[Start of section]

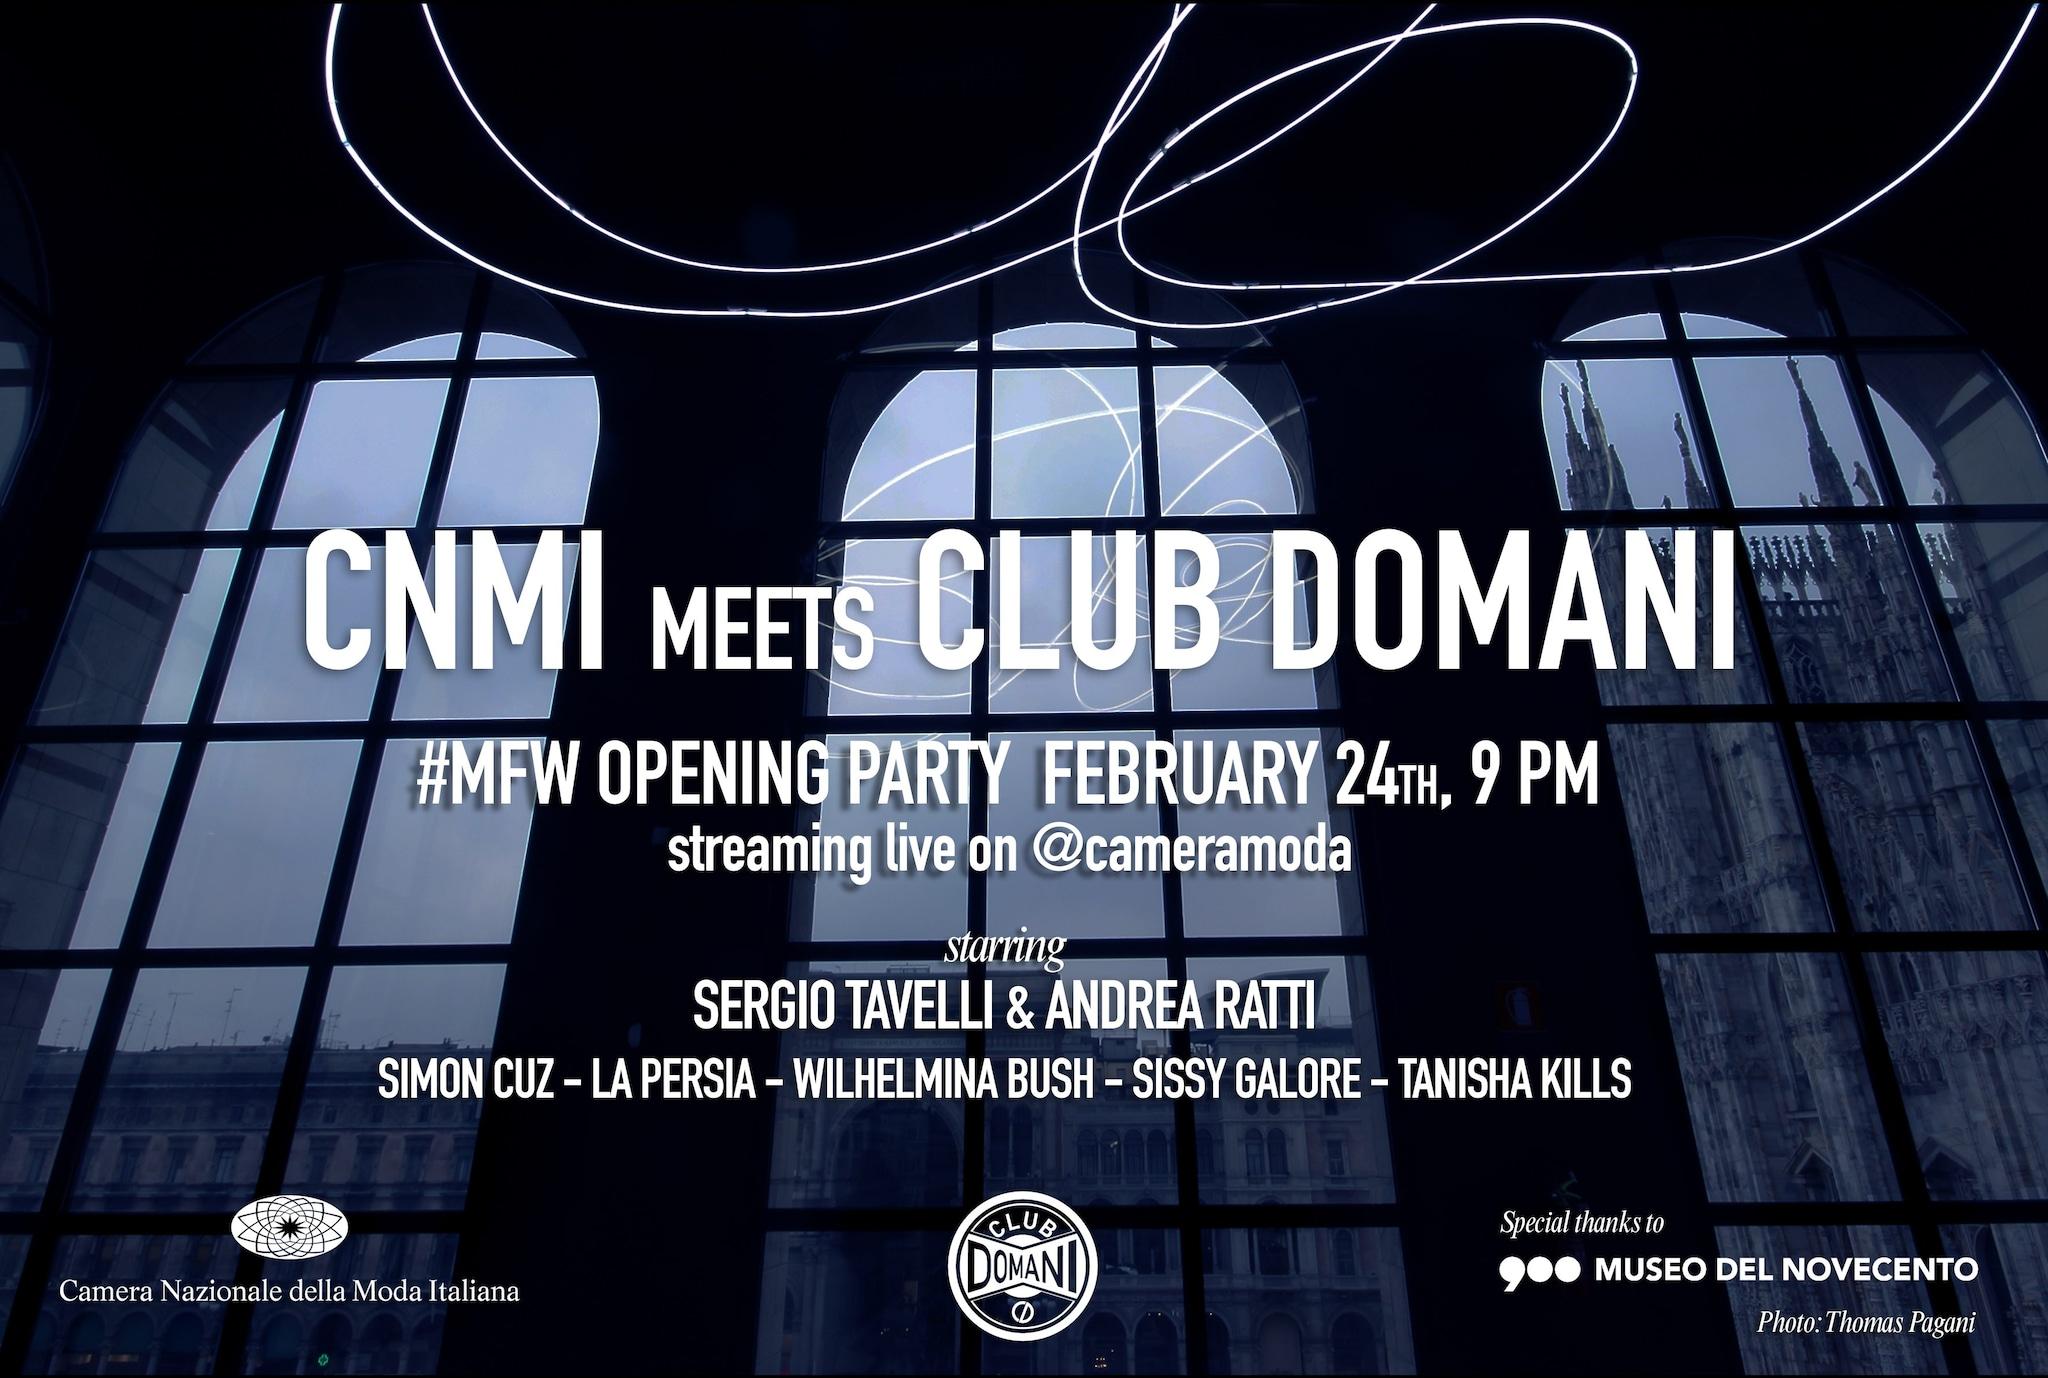 La locandina dell'evento CNMI meets Club Domani
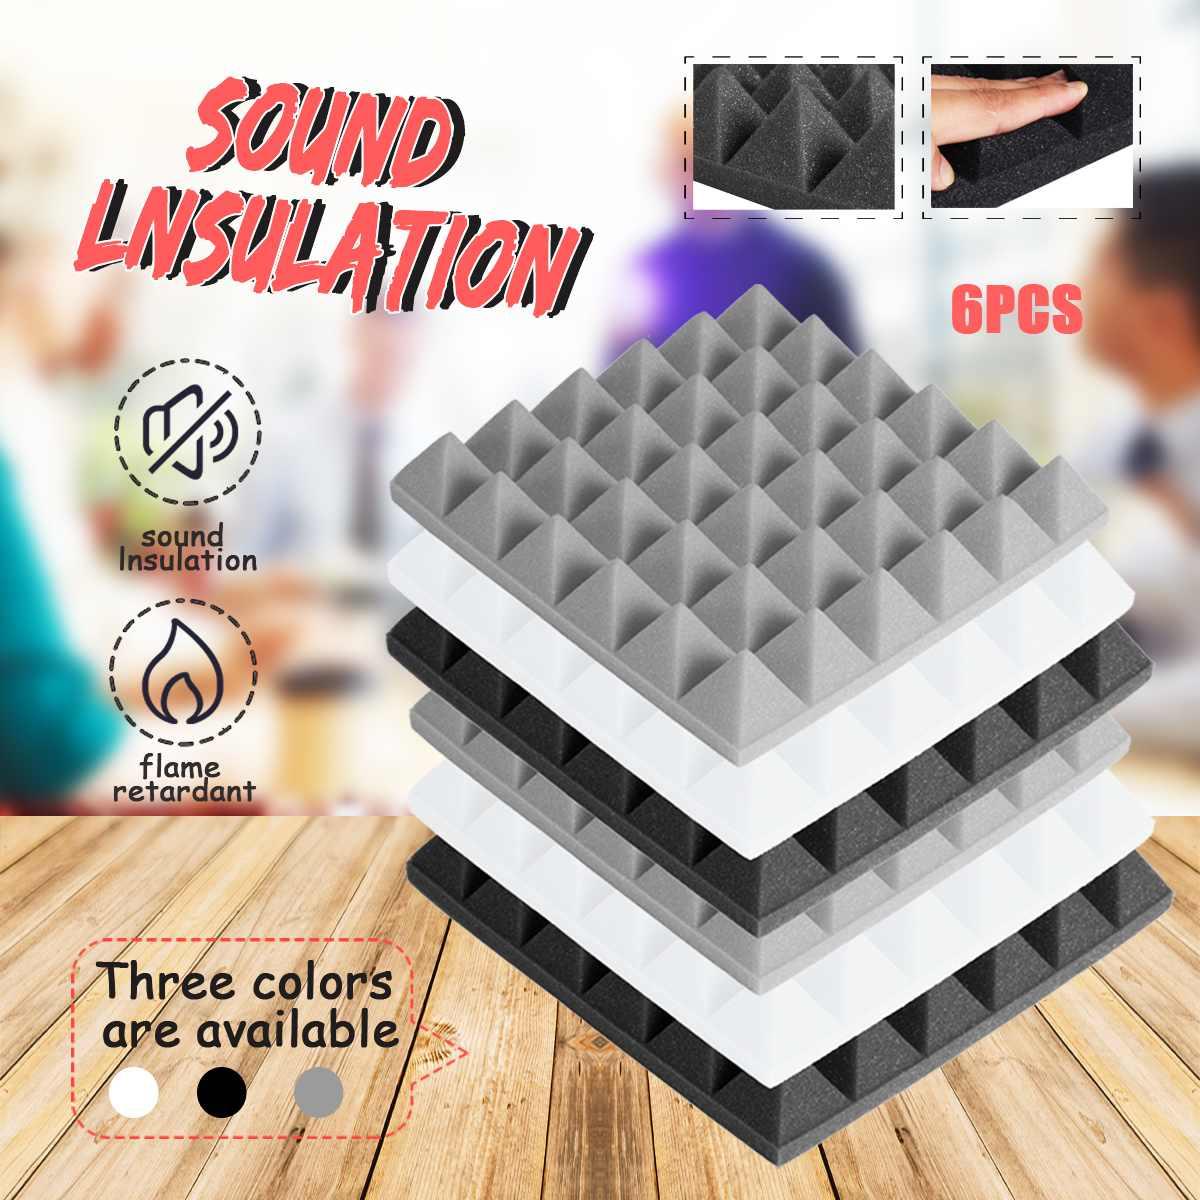 6pcs 30x30x5cm Pyramid Sound Absorbing Sponge Stop Absorption Sponge Drum Room Accessories Cotton Noise Sponge Thickness 5cm
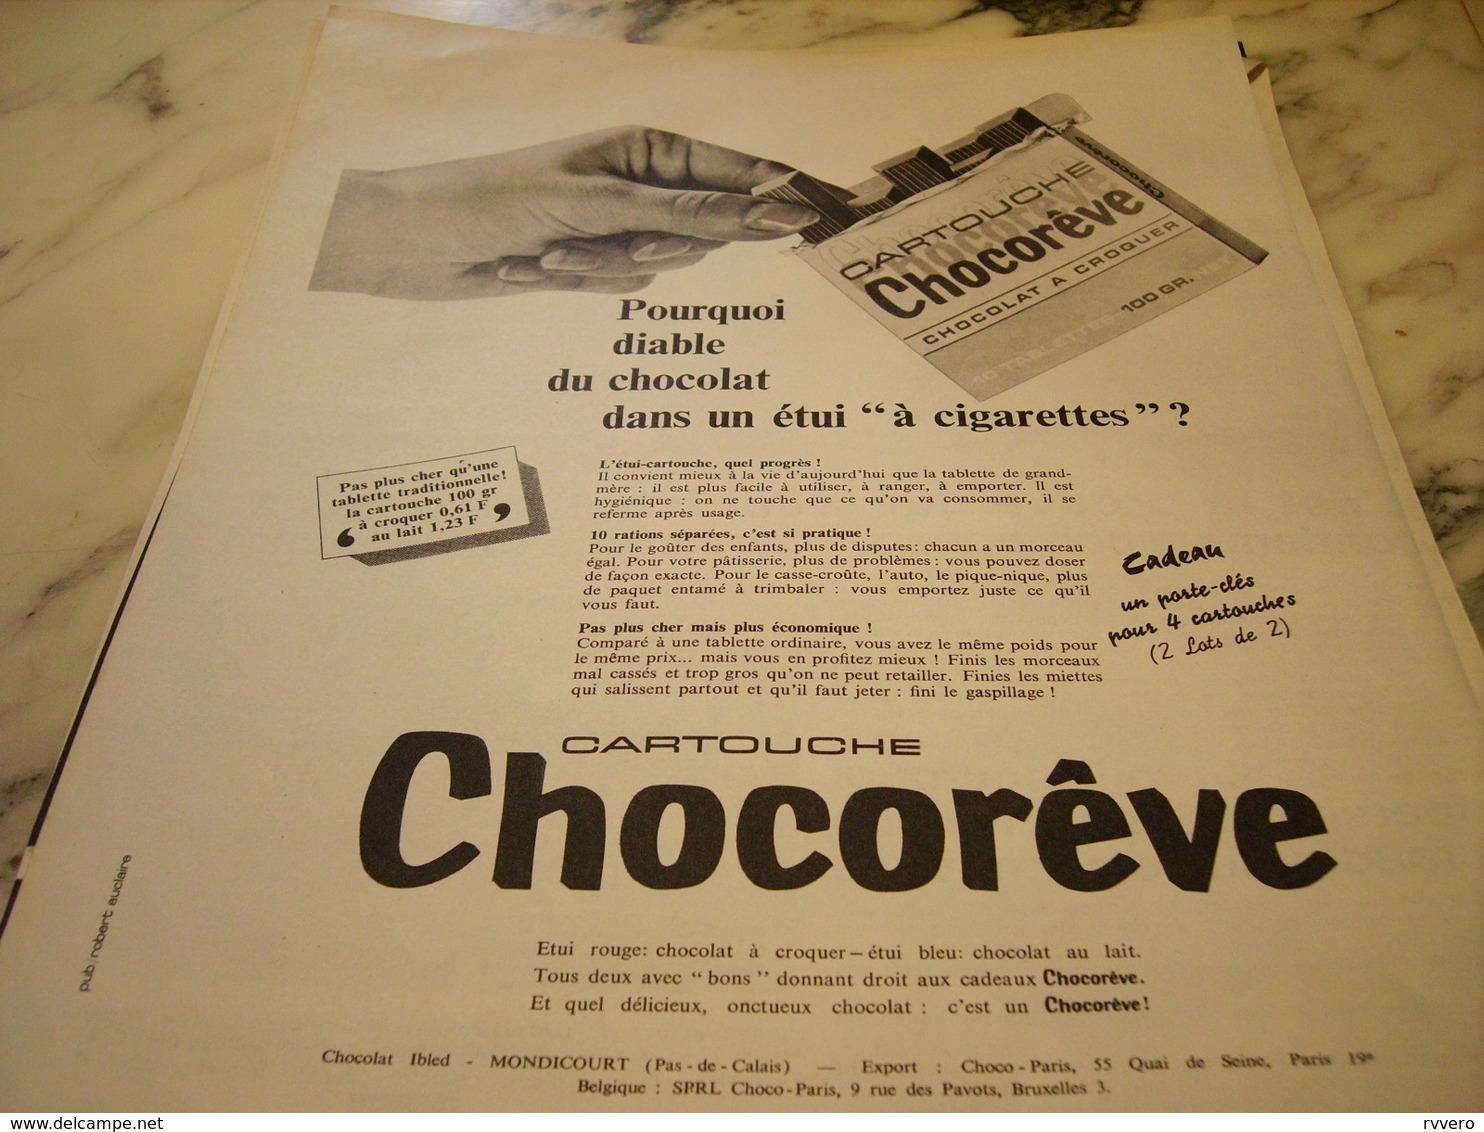 ANCIENNE PUBLICITE CARTOUCHE CHOCOREVE 1966 - Affiches
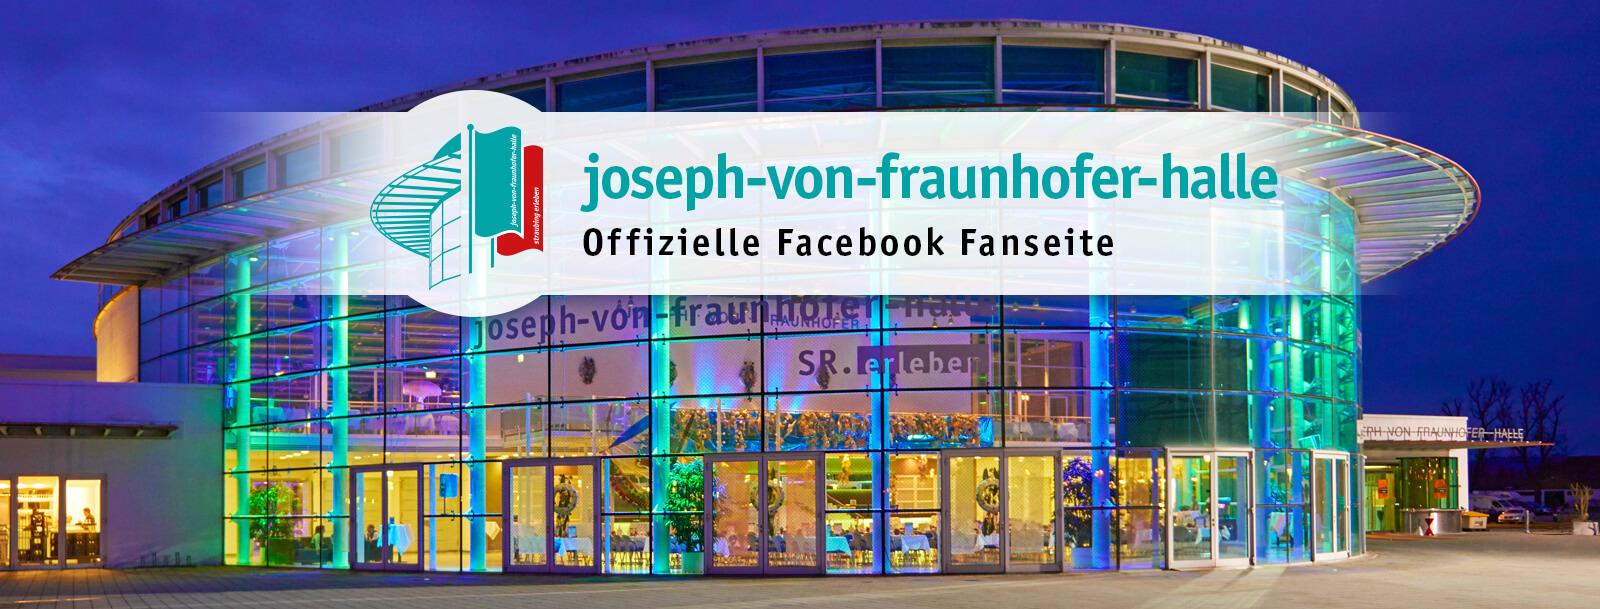 Die Joseph-von-Fraunhofer-Halle auf Facebook

[End of section]

WORK INSTRUCTION:
Leave the images out and transcribe the remaining data above word for word.

COMPLETED TASK:
 La locandina dell'evento CNMI meets Club Domani
 6pcs 30x30x5cm Pyramid Sound Absorbing Sponge Stop Absorption Sponge Drum Room Accessories Cotton Noise Sponge Thickness 5cm
 ANCIENNE PUBLICITE CARTOUCHE CHOCOREVE 1966 - Affiches
 Die Joseph-von-Fraunhofer-Halle auf Facebook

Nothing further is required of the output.